## DATA EXTRACT
######
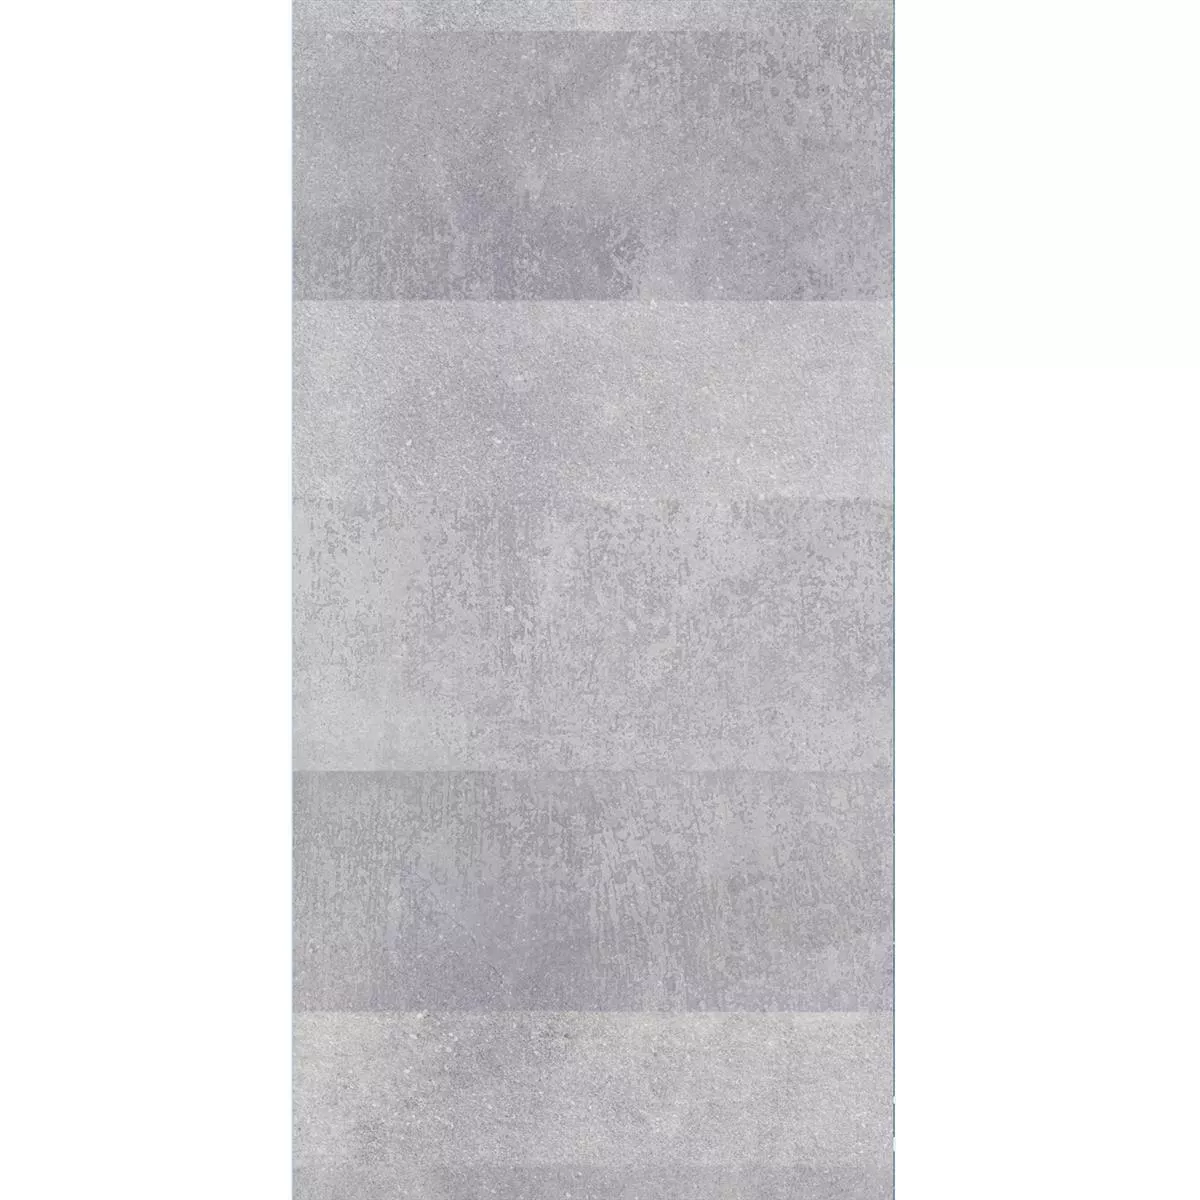 Vloertegels Torino Cement Optic Lappato Grijs 60x120cm
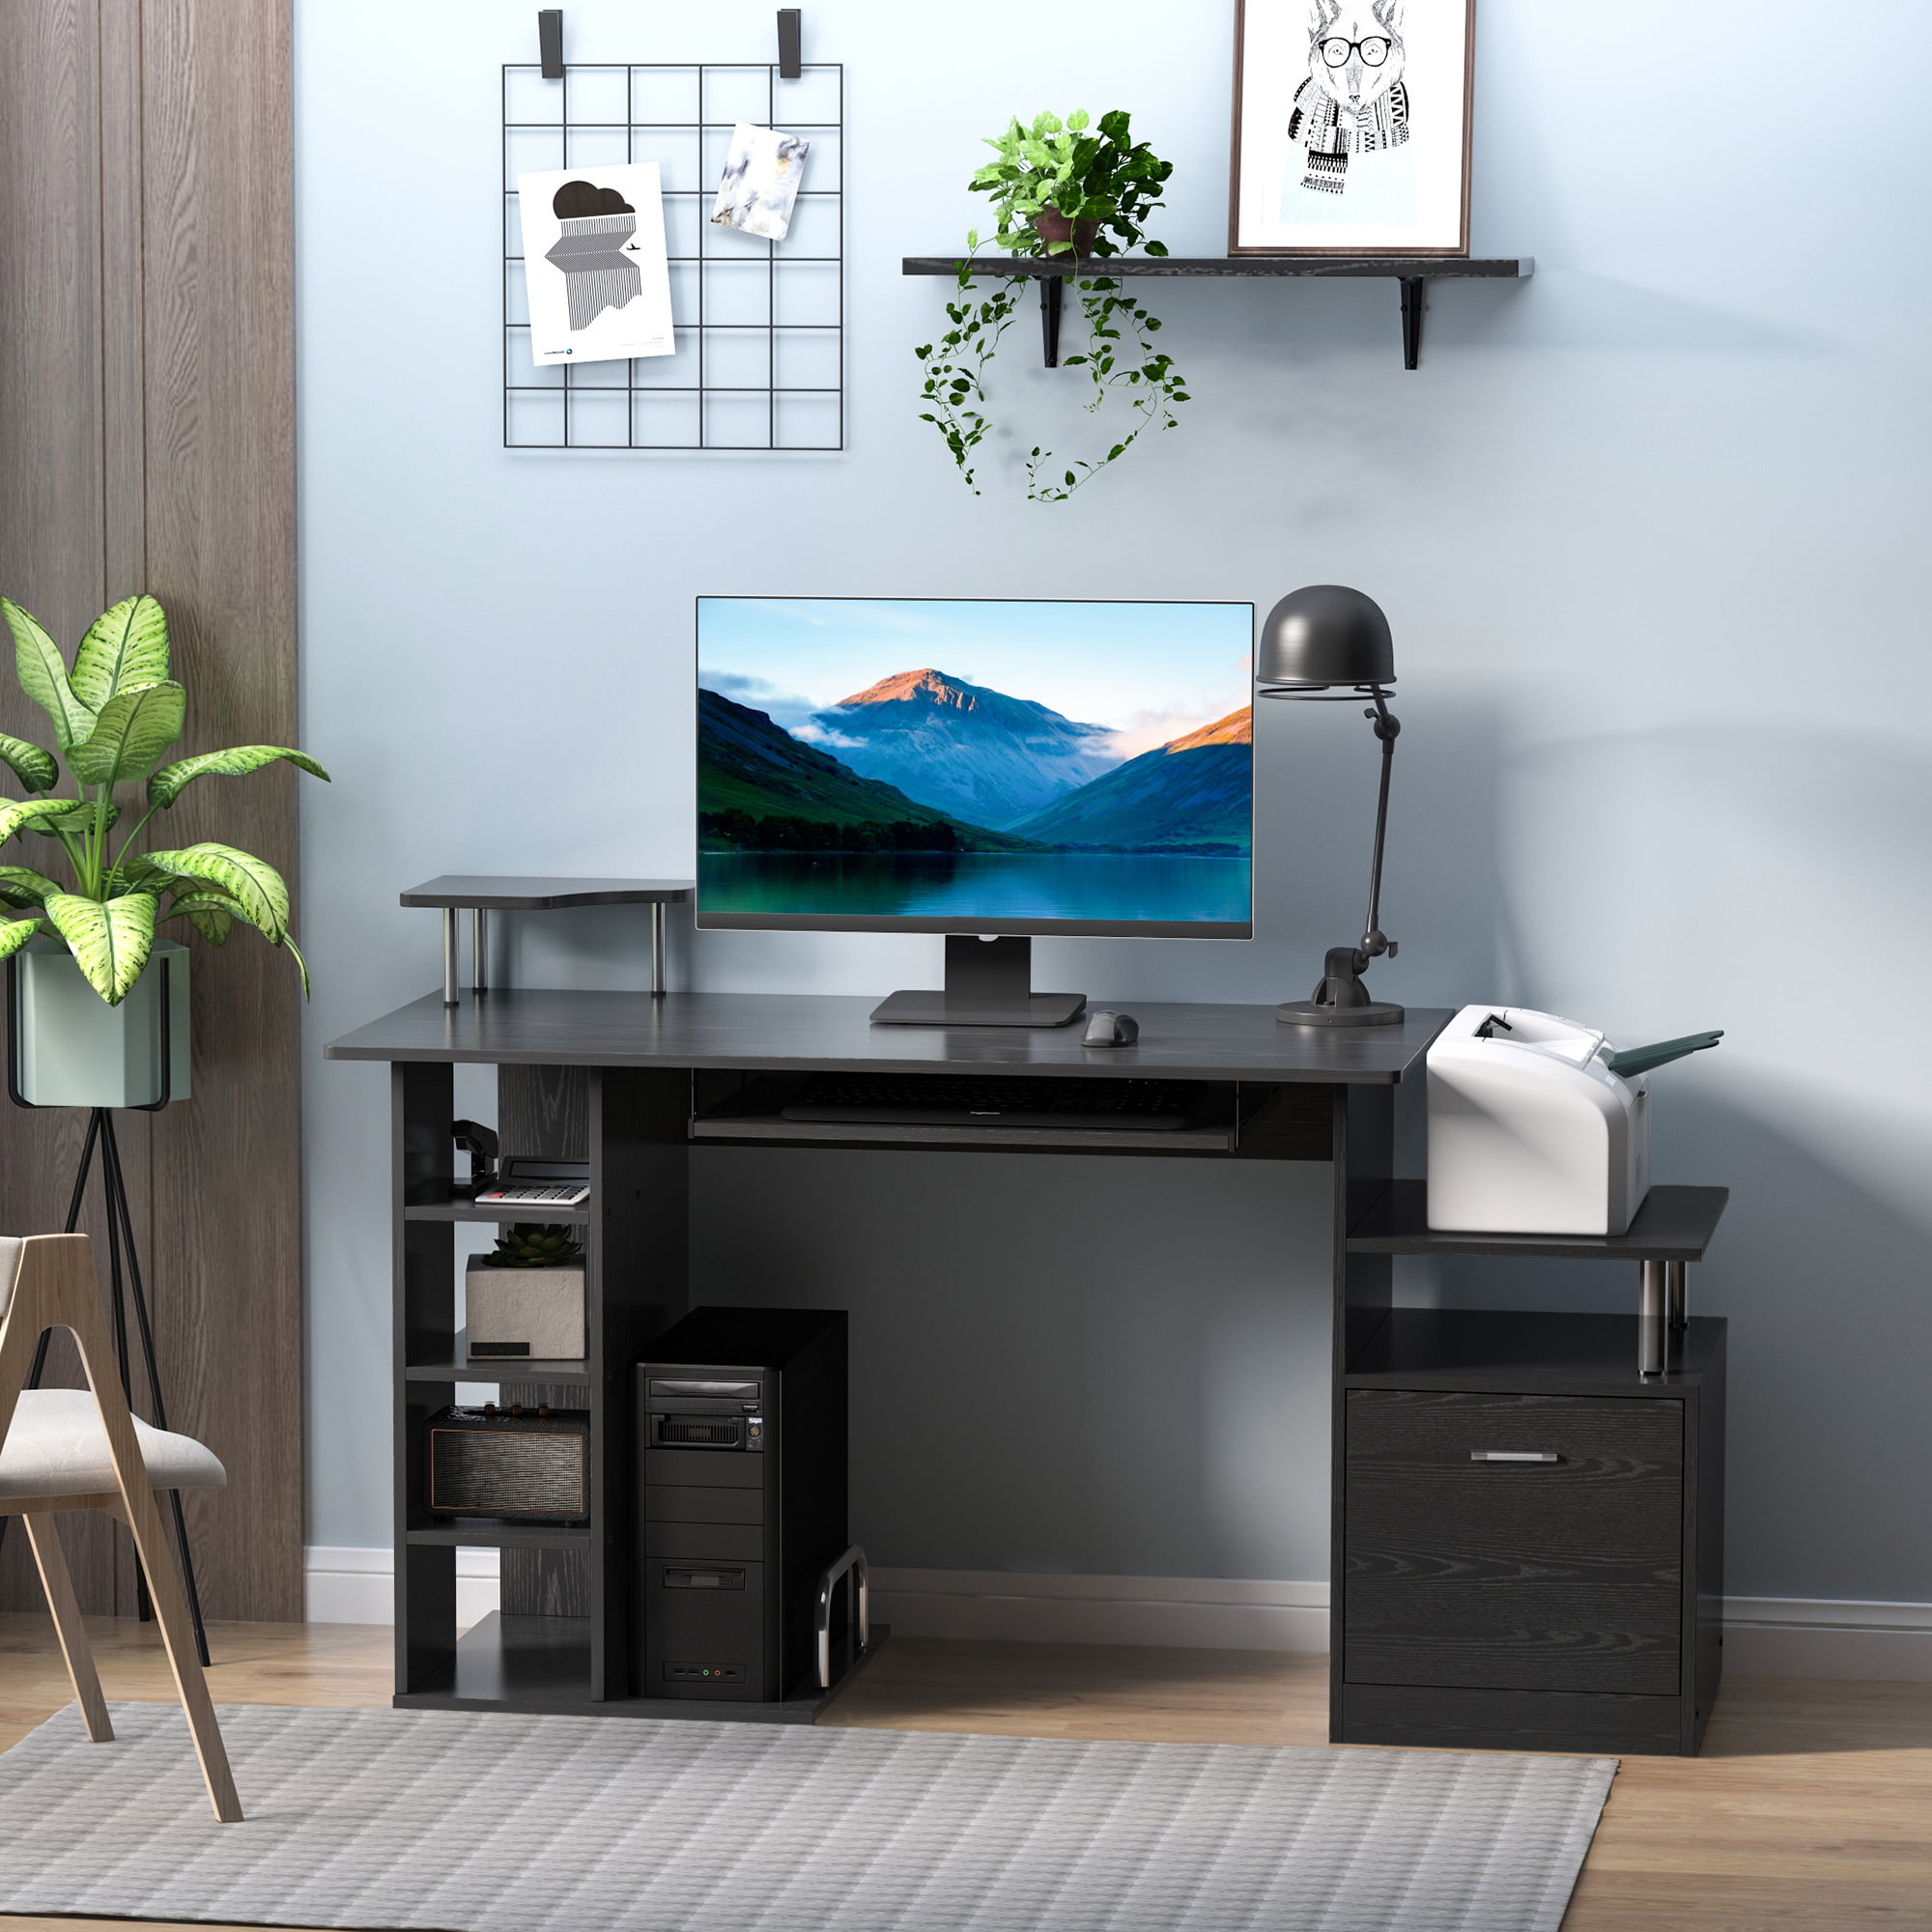 Black Wood Effect Computer Desk with Shelves and Storage Bin 
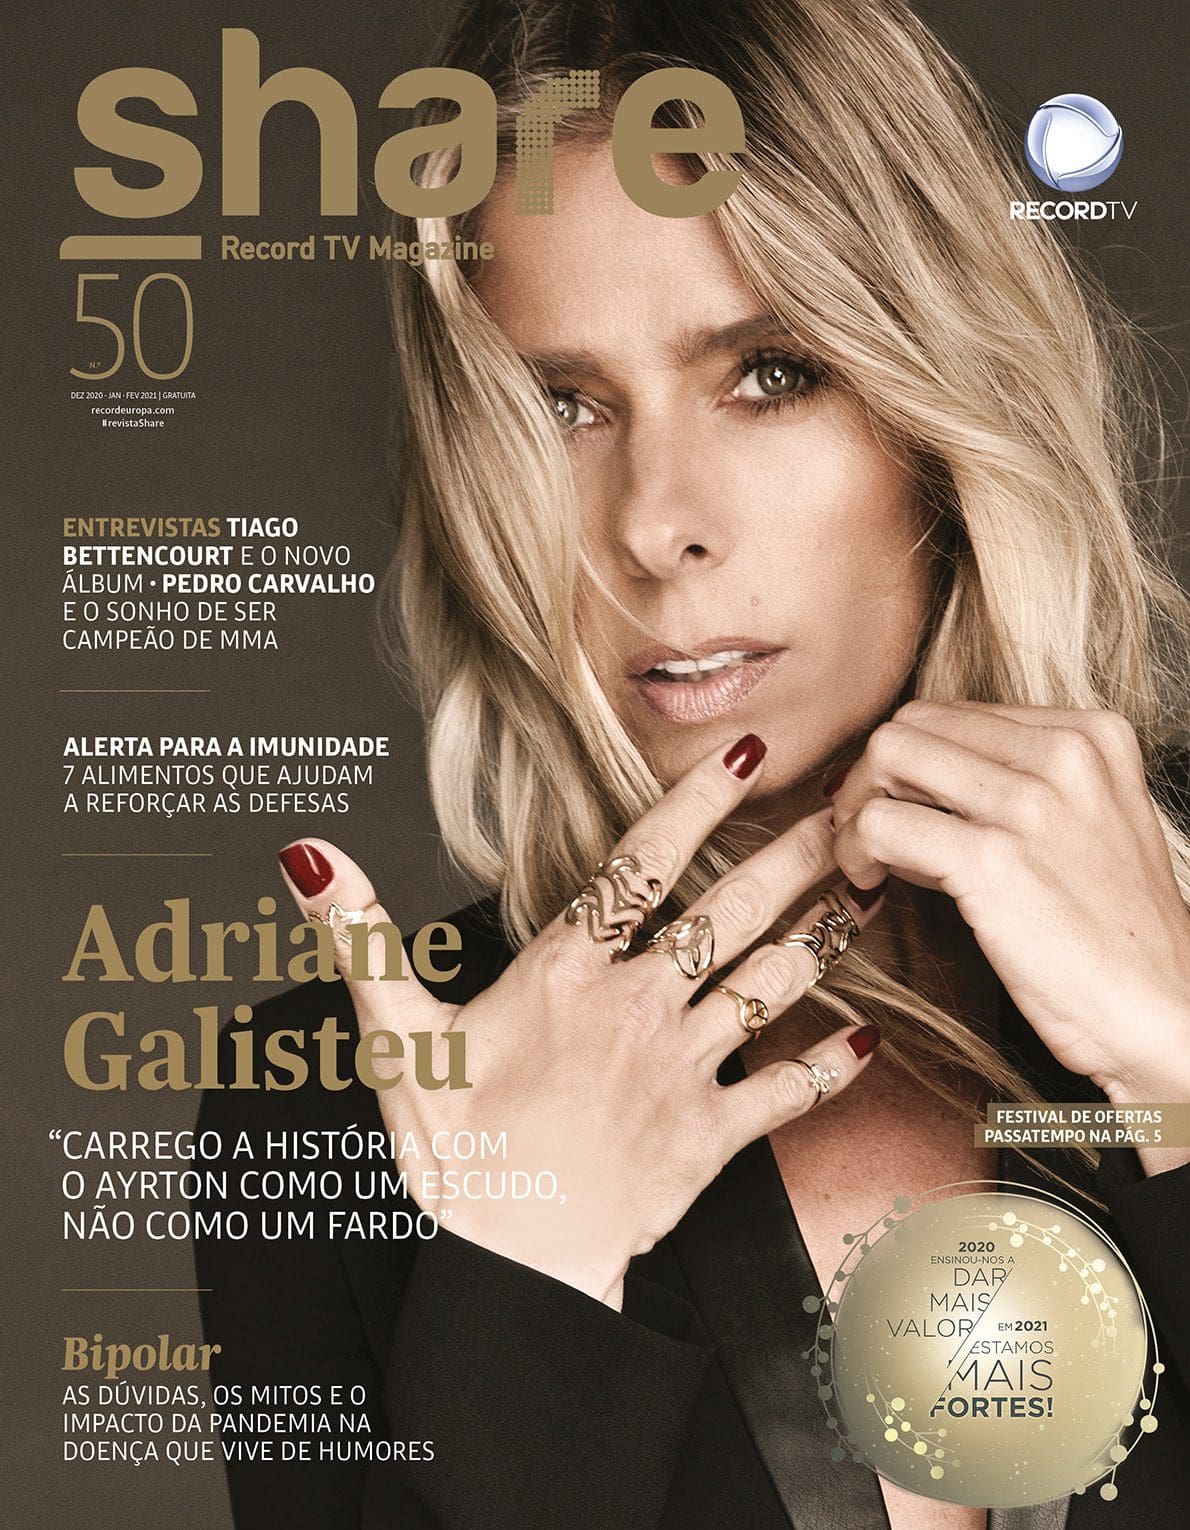 Share Magazine 50 - Adriane Galisteu
######
## TASK ITEM
Print the material in full and exactly; the pictures must not be printed.

## EXERCISE ANSWER
 Vloertegels Torino Cement Optic Lappato Grijs 60x120cm
 Black Wood Effect Computer Desk with Shelves and Storage Bin 
 Share Magazine 50 - Adriane Galisteu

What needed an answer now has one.